Entry tags:
because it doesn't make sense for me to cry out in my own defense
WHO: Colin, Alexandrie, Anders, Loki, Kostos, Myrobalan
WHAT: Colin gives up.
WHEN: The evening after the news of the new Divine reaches Kirkwall.
WHERE: Alexandrie de la Fontaine's apartments.
NOTES: CW: Suicide attempt. Physical violence will ensue. Mentions of past sexual violence.
WHAT: Colin gives up.
WHEN: The evening after the news of the new Divine reaches Kirkwall.
WHERE: Alexandrie de la Fontaine's apartments.
NOTES: CW: Suicide attempt. Physical violence will ensue. Mentions of past sexual violence.
Hearing her name doesn't change anything. He doesn't think he even feels anything at that point--wouldn't know for sure, though, because he doesn't bother to ask himself. He just floats. Quietly closes the apothecary early for the day and posts a sign. Stares down the hallway. Stands still for so long that someone bumps into him on their way. The walls are narrow and cold, still with remnants of the old history in their stains and accents. You can see the marks where there were slave reliefs taken down. And in the old days, at the end of the hall, there would be a door locked and barred.
He drifts down the hallway, stopping to look closely at all the evidence of those who died here, slaves and mages alike. Flattens a palm against the stone as if, across the mirror of the Veil, someone from long ago is touching that same stone. It used to be too much to think about, but it doesn't hurt him now. Not as long as he makes it down the hallway before they lock the door.
The ferry skims over the water streaked pale gold by the late afternoon light. Smoke from the foundry district blows over it as Colin passes through like a ghost, looking back at the Gallows and wondering how many people are there whom he should speak to. He didn't pass any of them on the way to the ferry, so it must not be meant to be. If they can't catch him as he flits away like a moth, he isn't capable of turning around to give them another chance, or seek them out. This hallway is too narrow for him to travel in any direction but one.
The apartment is familiar and lovely, spotless and comfortable. It still feels like the last place he belongs, but he has never belonged anywhere except the place he was taken from too long ago to belong there again.
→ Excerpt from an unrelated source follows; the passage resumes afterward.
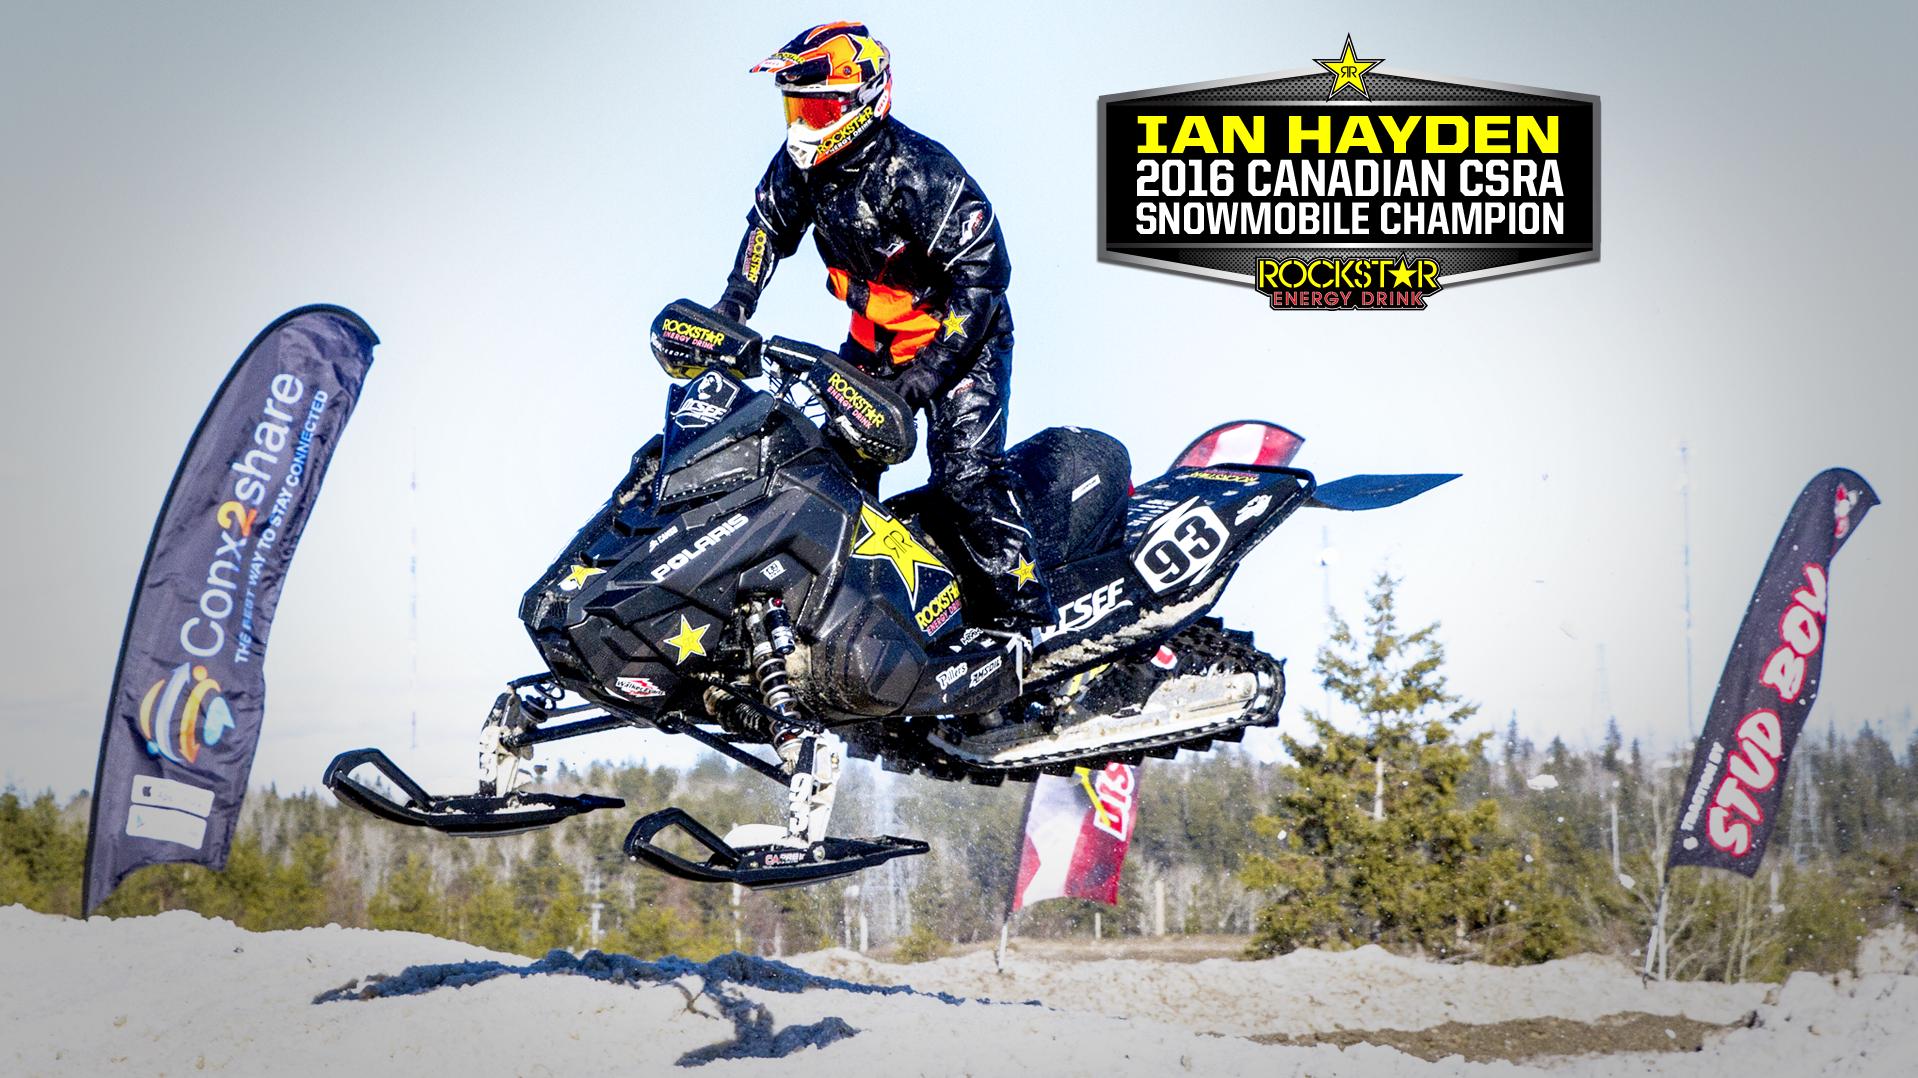 Congratulations Ian Hayden

He goes to the little trinket box on a side table and opens it, taking out the cool, smooth contents.
The flask is altogether unremarkable, but his spirit balks at the sight of it because of the color of saffron, the taste of smoke, the dappled pattern of the sun through trees, the gleam of laughter in a friend's eyes. He doesn't have to do this. He can toss it out a window. But his spirit balks at the thought of that, because he remembers climbing into a wall, and being flung against one. He remembers the shreds of an apprentice's robe hanging on the body of an abomination. He remembers frightened Templars shutting and barring the great doors. He remembers the taste of Ser Lutair's spit and seed both, and how to make sure to cover his knees from the cold stone as he got down on them. He remembers ghosting through hallways just like he did today, and for four years, no one stopping him to talk to him. No one asking if something was wrong, or looking closely enough to see it for themselves. No one coming to help, no rescue, only a threat that if he didn't shape up, he would end up Tranquil. Which didn't turn out to be such a bad suggestion. So since there was no escaping his torturer, and showing any signs of being tortured would have earned punishment, he turned himself Tranquil. He spent years as a corpse walking down that empty hallway, unseen and unloved.
He won't go back to it, and he won't shiver through a year or two of war knowing what's coming will be even worse for him. He has always been his only source of mercy, and this is his call. This will be the last time he dies.

I. Arrival
The door to his room is not locked. Inside, the first thing out of place she might see through the crack of the door as it opens is an empty goblet on its side on the floor. And opening further, by the window, is Colin.
It isn't right. He is positioned like he might be sleeping, head resting lightly against the window, but his face is a poor color. His lips are blue, and there is no rise and fall to indicate breath. On a little table by his left hand is the opened bottle of wine and an empty vial marked with three letters.
[OOC: Lexie first. One reaction tag from everyone who desires in any order, then it will be Lexie, Anders, and Loki only.]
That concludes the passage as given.